四歩目 小さな牙~前編~




♪ありがとう ここにいてくれて この暗い街で かけがえのない 小さな灯り♪



サイレンが、すぐそこで止まった。


ウィーン!ウィーン!ウィ!

赤と青の光が、周囲を不気味に染め始める。


(…ルナ、逃げるぞ)


月影の声が、頭の中で鋭く響いた。
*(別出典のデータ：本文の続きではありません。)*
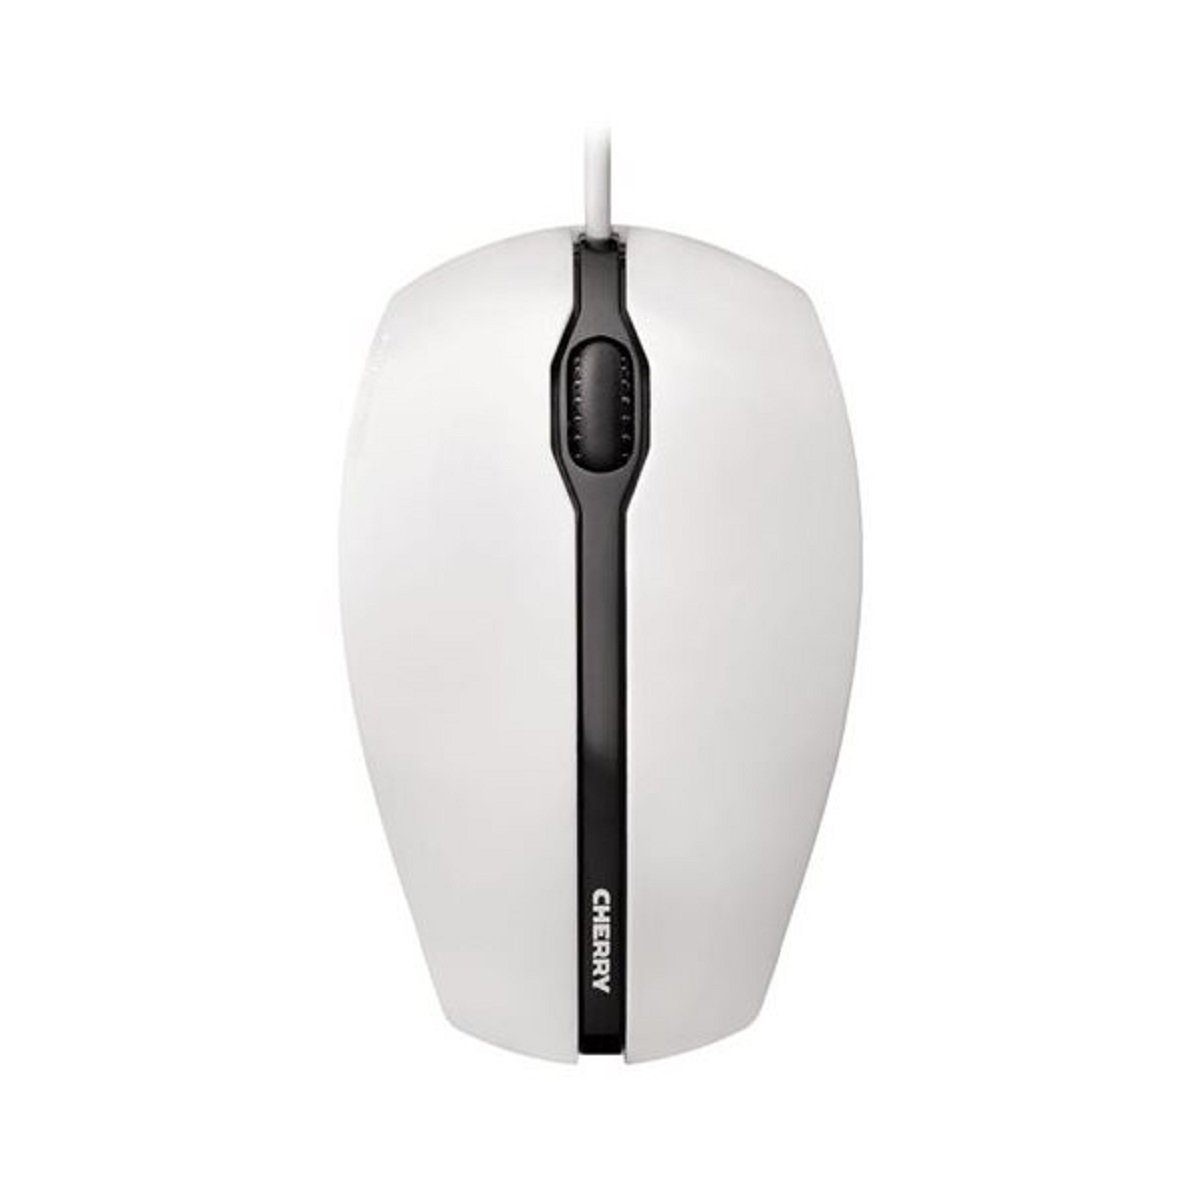 TERRA TERRA Mouse 1000 Corded USB white grey Maus (Weiß grau, USB)

だが


「ま、待って…」


見下ろすと、足元にぴったりと体を寄せて、震えながら金色の瞳で私を見ている。

ガリガリでぼさぼさの毛並みが、胸の奥を締め付けた。

「…っ」

その小さな頭を、そっと撫でる。

荒れた毛。

震えが、指に伝わってくる。

涙が、ぽろりと頬を伝った。


「ごめん……」


茶虎の小さな頭を、掌で包むようにして、ゆっくり離した。

けど、離れまいと前足を伸ばして、私の足にすがる。

小さな爪が、薄汚れたコートに引っかかった。


みゃぅ~…


声が震えた。


お金さえ…あれば…

脳無しでさえ、なければ…


「…っ…ごめん、ね…」


想いを押し殺し、爪を取り…踵を、返した。


みゃぁ~


振り向かなかった。


素足が、木製の歩道にペタペタと音と血の跡を残す。

沈黙した人だかりを無造作に掻き分けていると…


(ごめん、通報したの俺なんだ……逃げてくれよ……)

『血まみれで歌うとか鳥肌立った』

(ねこに懐かれる子が悪いわけないだろ…俺が間違ってた)

『は? 猫が懐いただけで全肯定とかアホだろ』

(誰だ今暴言吐いた奴、特定班、頼んだ!)

(いやでも、ギャッハー団絡んでるっぽいしヤバくね?)

(ねこ可哀想すぎる…誰か拾ってやってくれ!漏れはもう飼えんにゃ!)

『血塗れの歌姫爆誕!』


少しだけ、胸が温かくなった…。だが——


【動くな! 貴様を逮捕する!!】


拡張機の大音量が、路地に響いた。


人だかりが割れたその先に、ザザザッと、黒い壁が現れた。

5人、いや6人。


全員の目が、AIチップ特有の青白い光を放っている。

銃口が、ズラリと私に向けられる。

赤いレーザーの点が、血まみれのコートに散らばって踊った。


先頭の警官が、無表情で近付いて来た。


「傷害致死容疑で逮捕する。両手を上げろ、抵抗すれば射殺する」


(ほぉ、中々いい体だ。ガリガリなのに、…膨らみがある)

(ラッキー!連行してからじっくり遊べるだろ♪取調室空いてるよな?)

(は? まだガキだろ?こないだの色っぺぇ方が良かったがなw)

(前回みたいに泣かせて黙らせるか。抵抗したらネットにバラすって脅せば簡単だろ)

(あの白い肌、痕残ったら可愛いかも。写真撮って仲間内で回そうぜ)

(涎出が止まんねwさっさと逮捕だ逮捕!溜まってたんだよおらぁよぉ♪)


吐き気を催す。

頭の中で、冷たい計算が回り始める。


状況を分析。

敵は6人。

油断しきっている。

実戦経験、ゼロと判断。

更に油断させ、のこのこと近付いた悪魔の銃を奪い、股間を撃ち抜く。

ソレを盾に、残りを処理。

3秒で片を付けた場合…

成功率、98%

これはただの

害虫駆除。

息をするよりも簡単。


…!?


後方に回り込まれた気配!?

数は3~4

成功率…3%…

…どうする?

野次馬を人質に変更?

否、それではダメだ!

持久戦、勝率0%

なら一体…


(…落ち着け、ルナ)


月影?

(…奴等は撃てない)

何故?

(…そういうルールだからだ。冷静になれ)

月影の、その落ち着いた声で、目だけで周りを見てハッとした。

そうか、野次馬が居ては…けど…

もし、奴等が…逃げ出したら?


(…そうは、ならんさ…)


……解かった、それに賭ける。


「あっ……あの……私……投降……します……から、酷い事、しないで……」


両膝を付き、ゆっくり両手を上げた。

今にも泣き出しそうな上目遣いで。

悪魔が、にやりと口角を上げた。


(いいねぇ、そそられるぜ)


無表情を装ったまま、

悪魔が一歩、また一歩と近づき…

嫌らしい手付きで、私の肩に手を置く。

ゆっくり、指が鎖骨をなぞり、

胸元に近づいてくる。


今だ


指を曲げ、銃を握ろうとした——その瞬間


脳裏に…茶虎の怯えた表情が過ぎった。